Context
Quinoline derivatives play a crucial role in antimalarial therapy, and their biological properties are highly dependent on the basicity, particularly on the amine groups. The Amine moieties significantly contribute to the antioxidant capacity of quinoline derivatives through electron transfer mechanisms. Notably, each amine group has a distinct contribution to the antioxidant capacity, with the aliphatic amine displaying a potent electron donating capacity, the exo-aromatic amine showing an intermediate capacity, and the endo-aromatic amine demonstrating the least potent capacity.

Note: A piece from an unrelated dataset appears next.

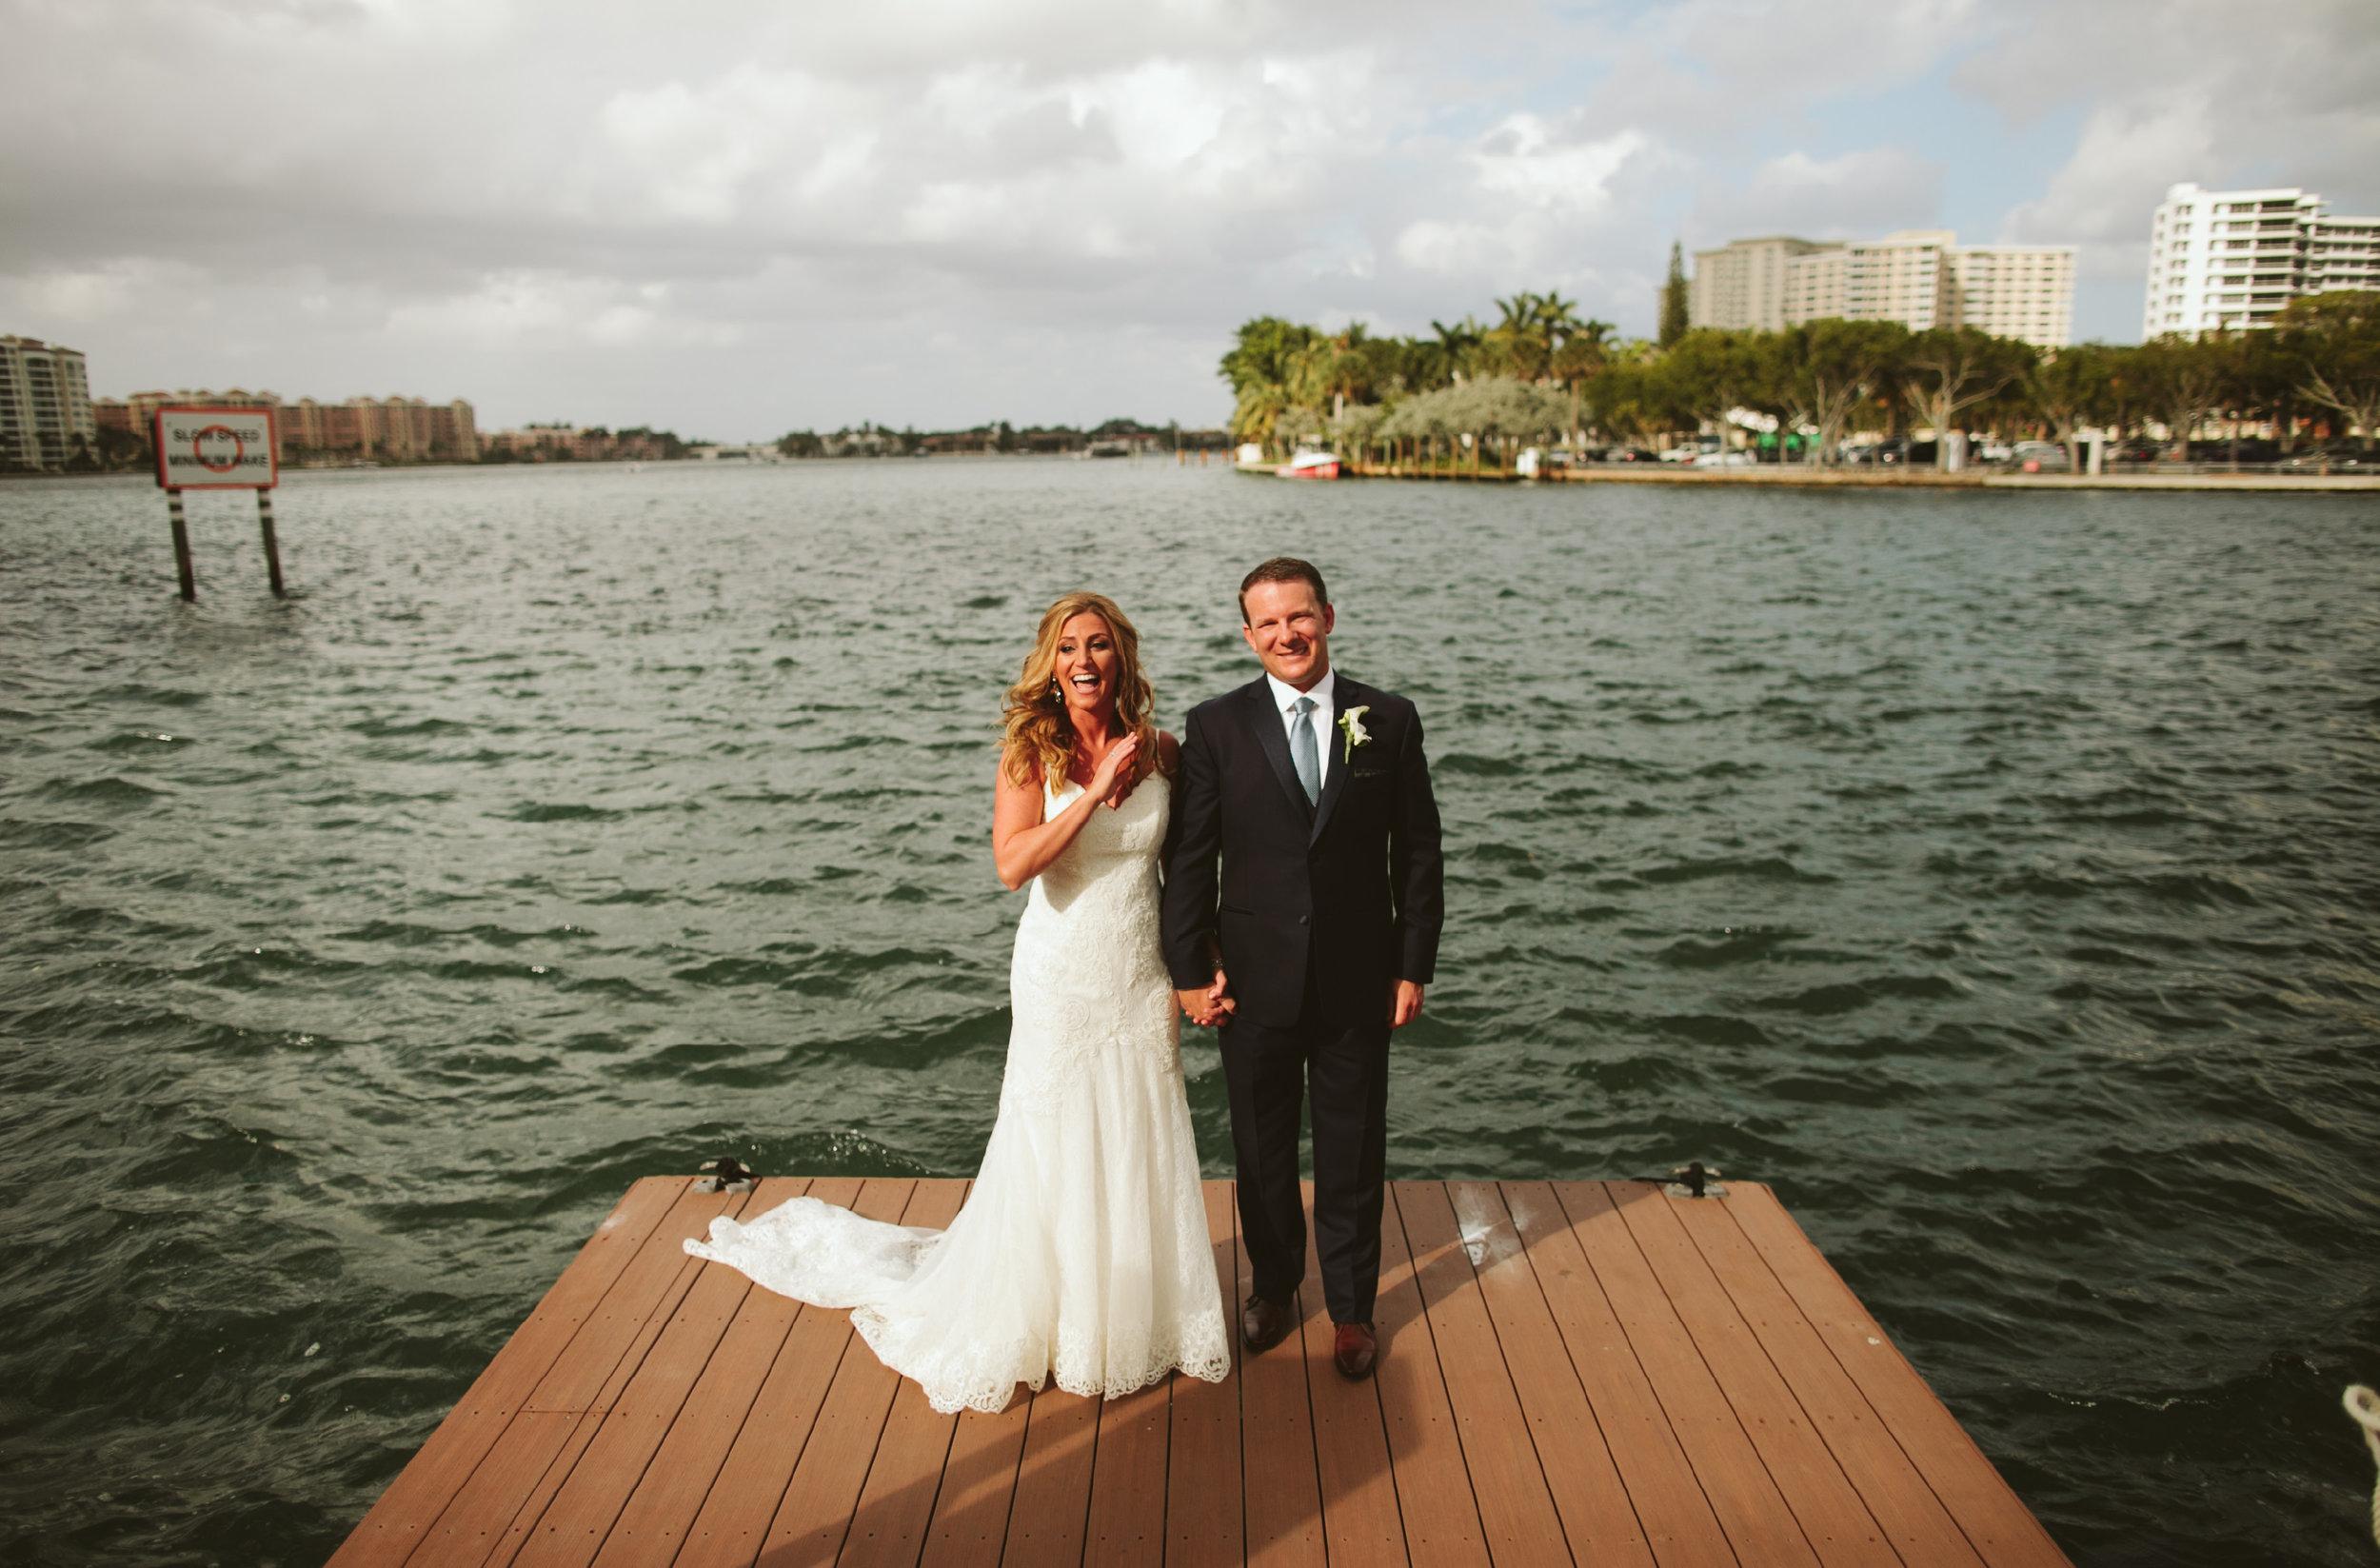 Kim + John's Wedding at the Waterstone Hotel in Boca Raton39.jpg
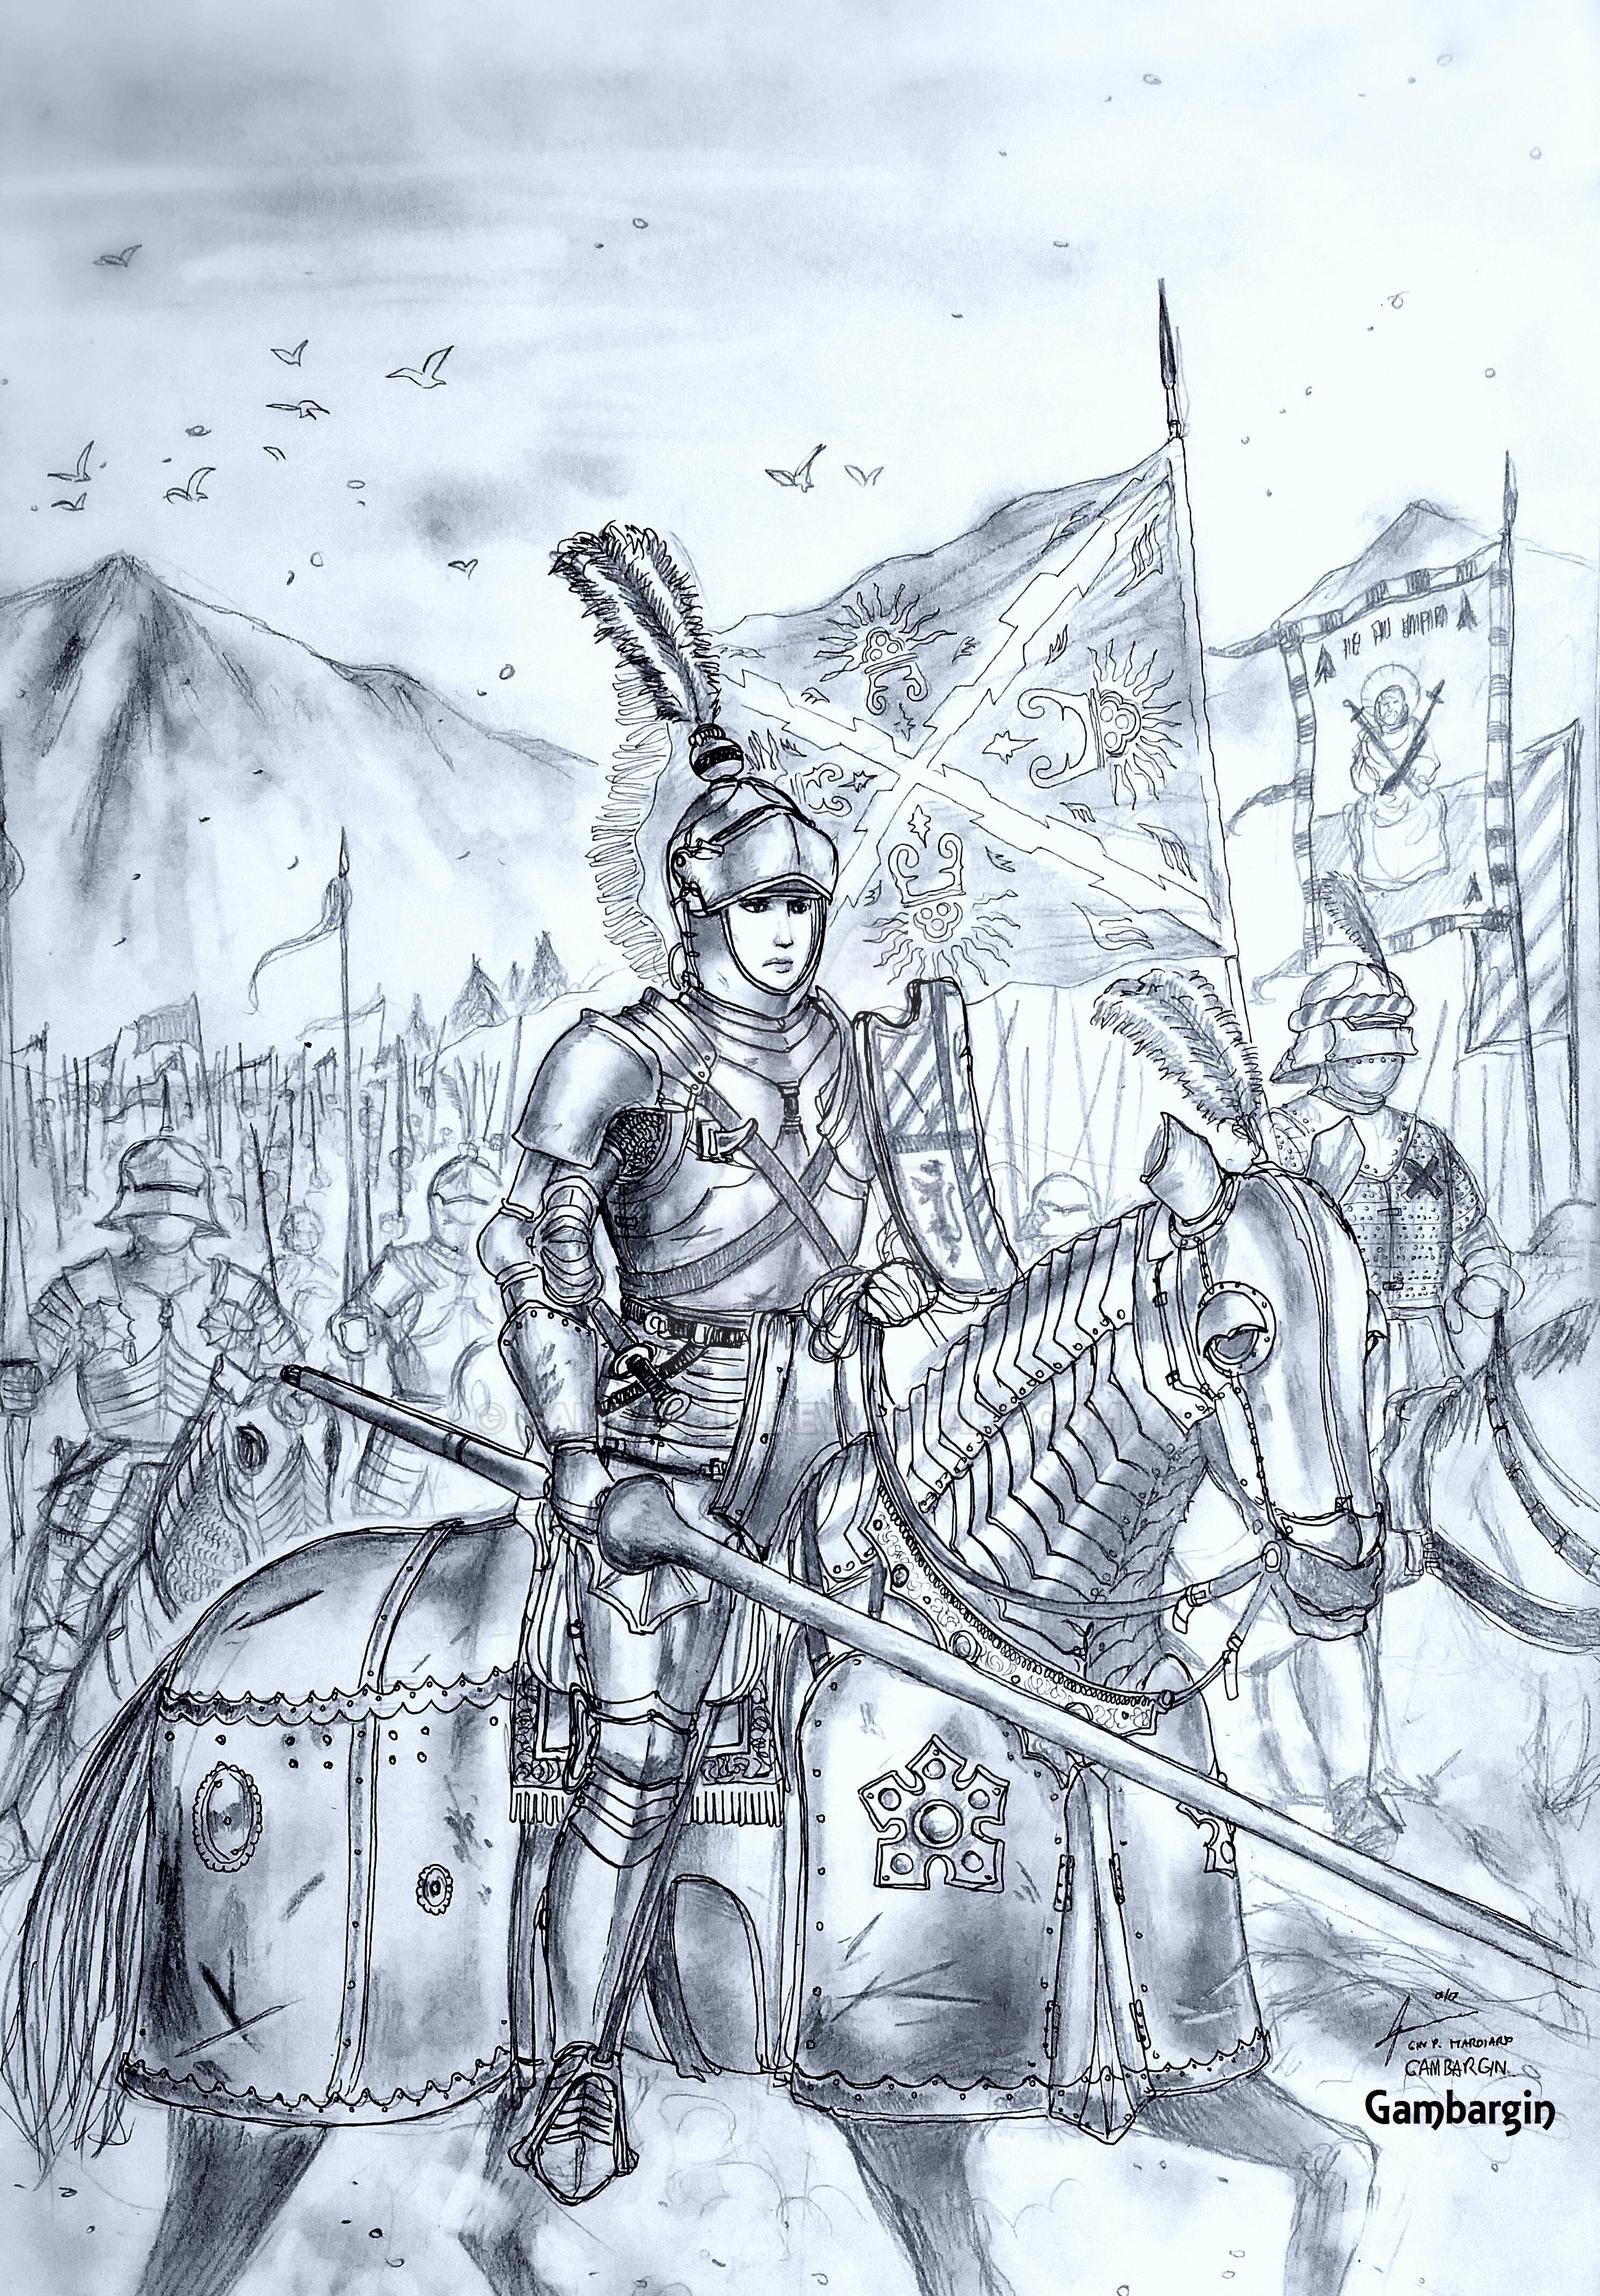 HWS Late Medieval Burgundian Woman Warrior Concept by Gambargin

Our findings reveal a synergistic effect between the 4-amino-quinoline and tertiary amine in quinoline derivatives, enhancing their overall antioxidant capacity. However, the presence of the chlorine atom decreases its contribution as an electron withdrawing group. In comparison, chloroquine exhibits a higher antioxidant capacity than quinine, and their respective electron donation abilities are correlated with their pKa values. The synergistic effect between the 4-amino-quinoline and tertiary amine is particularly evident in chloroquine, surpassing the antioxidant capacity of 6-methoxy-4-methyl-quinoline moiety in quinine. Additionally, we have successfully proposed two new strategies for the development of chloroquine derivatives.
Methods
A theoretical study was conducted to investigate the structure-nucleophilicity and antioxidant capacity of quinoline derivatives, specifically chloroquine and quinine, through electron transfer using DFT/B3LYP/6–31 + G(d,p) methods. The HOMO values were utilized to assess nucleophilicity, while the ionization potential was indicative of electron donating capacity. To explore different aspects of the molecules, four approaches of molecular modifications were proposed: molecular fragmentation, molecular modification on amine moieties, and molecular association. These approaches aimed to provide insights into the relationships between molecular structure and nucleophilicity or antioxidant capacity. The study also involved the development of new strategies in drug design, leveraging theoretical methods to explore potential modifications and optimizations for quinoline derivatives.